> [Exercise objective]:
In the entries that follow, find the line containing "LUXEMBOURG MI-NR. 1472-1473" and the line containing "Missoni Seasonal Acetate", then copy exactly everything from the first through the second except the pictures.

> [Exercise materials]:
::::::::
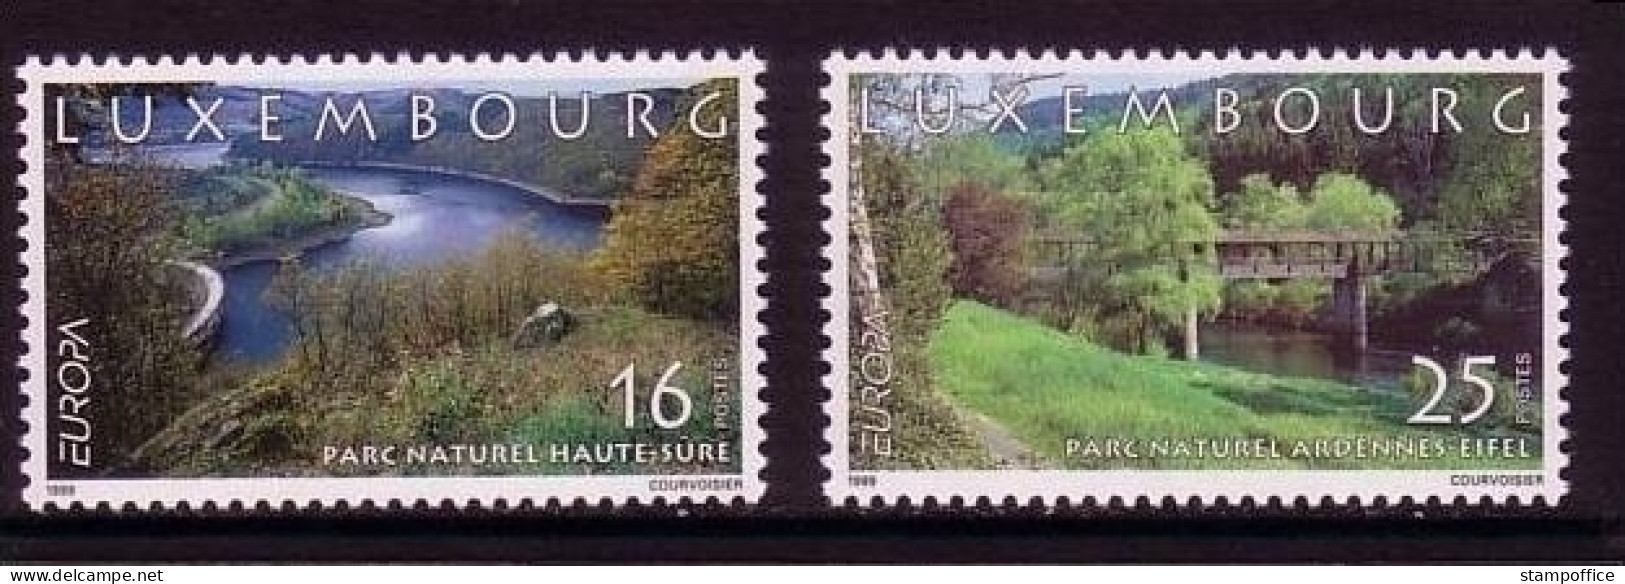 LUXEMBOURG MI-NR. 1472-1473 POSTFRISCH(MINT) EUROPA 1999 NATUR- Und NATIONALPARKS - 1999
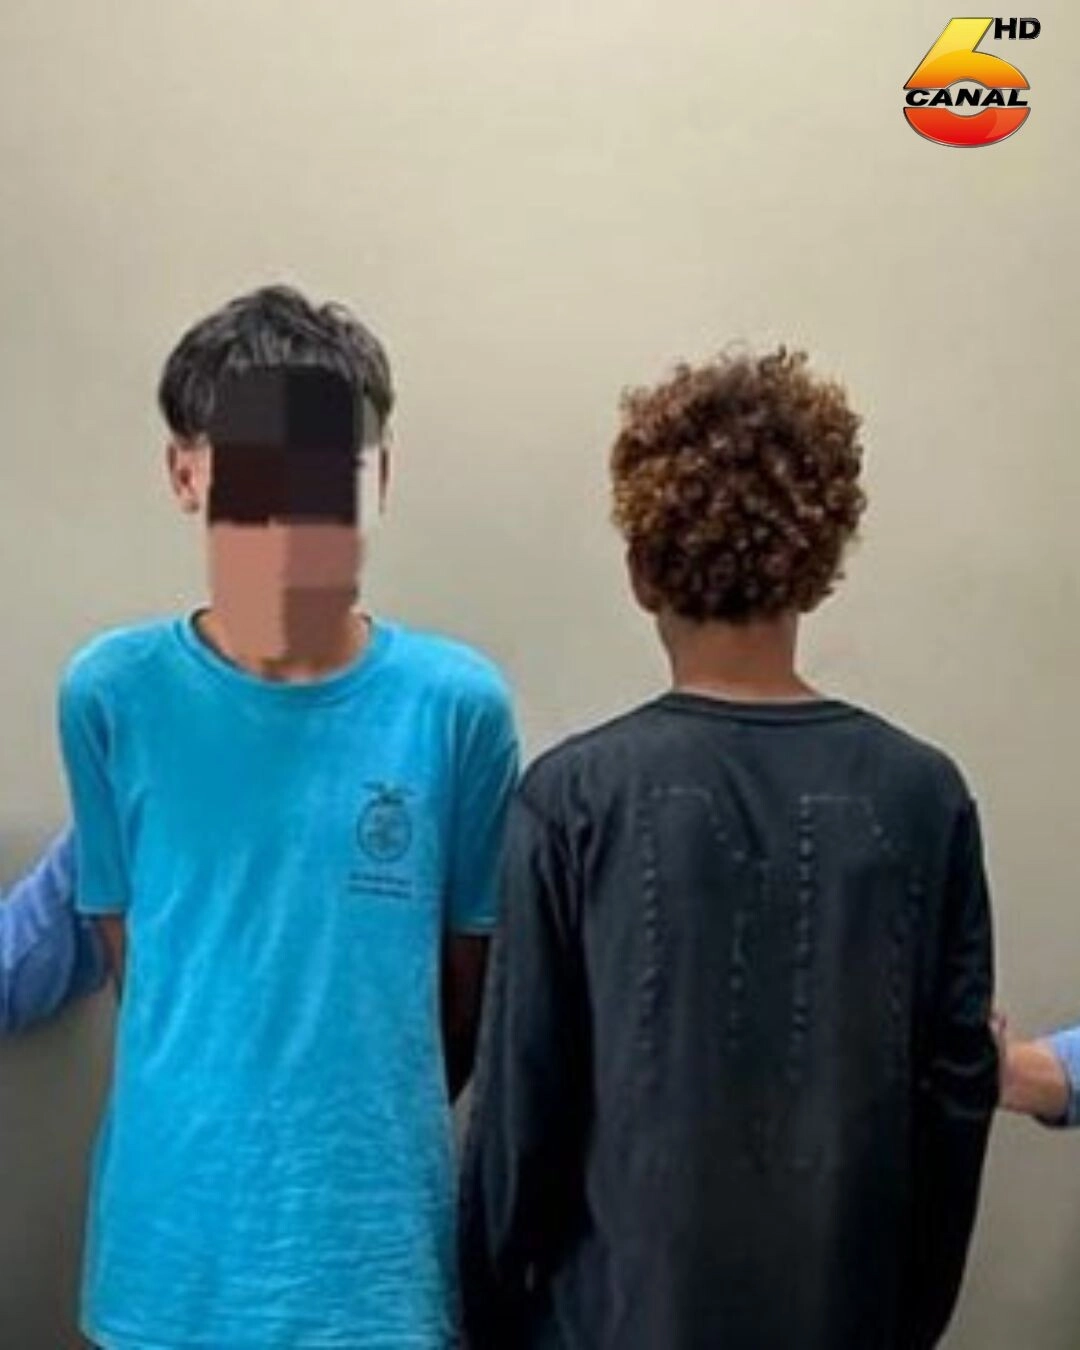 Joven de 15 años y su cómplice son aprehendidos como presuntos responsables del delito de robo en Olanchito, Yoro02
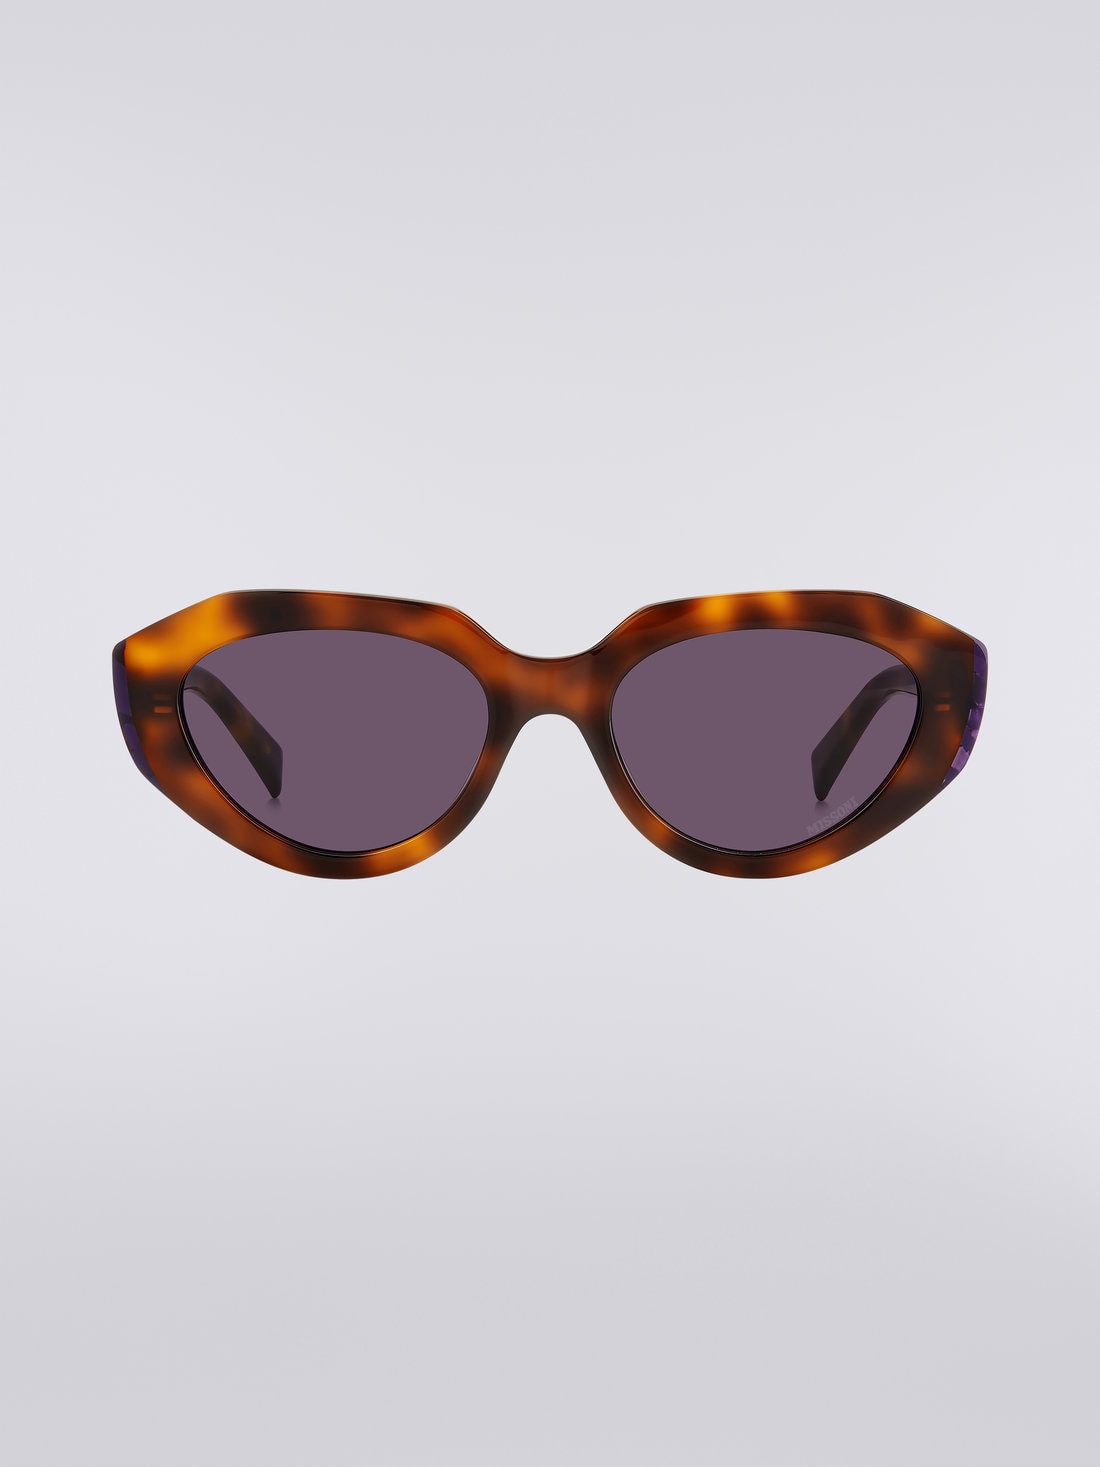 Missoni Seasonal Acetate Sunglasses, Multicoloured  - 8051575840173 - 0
::::::::
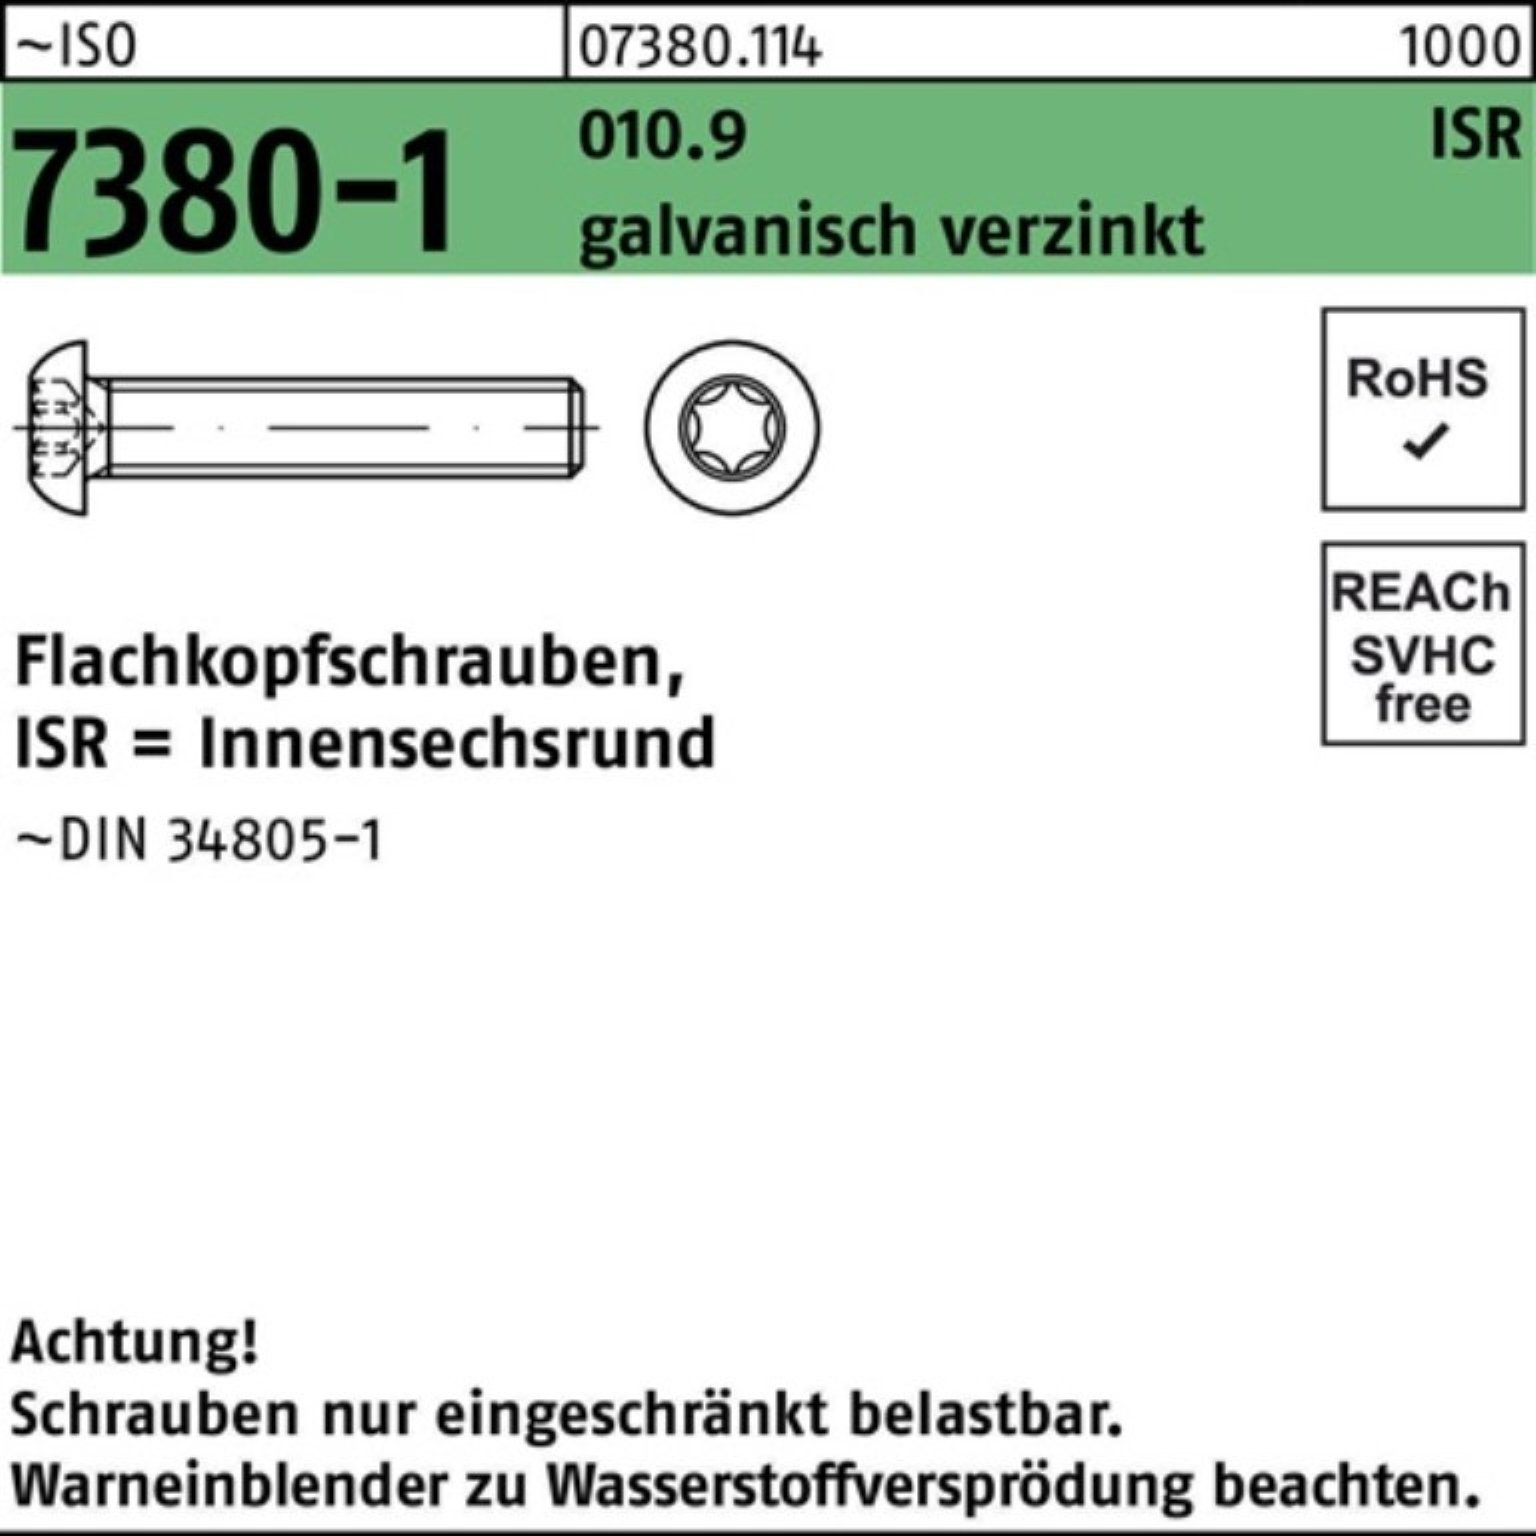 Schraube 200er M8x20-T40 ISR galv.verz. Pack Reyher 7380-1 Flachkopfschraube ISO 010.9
::::::::
> [Output of the task]:
 LUXEMBOURG MI-NR. 1472-1473 POSTFRISCH(MINT) EUROPA 1999 NATUR- Und NATIONALPARKS - 1999
 Joven de 15 años y su cómplice son aprehendidos como presuntos responsables del delito de robo en Olanchito, Yoro02
 Missoni Seasonal Acetate Sunglasses, Multicoloured  - 8051575840173 - 0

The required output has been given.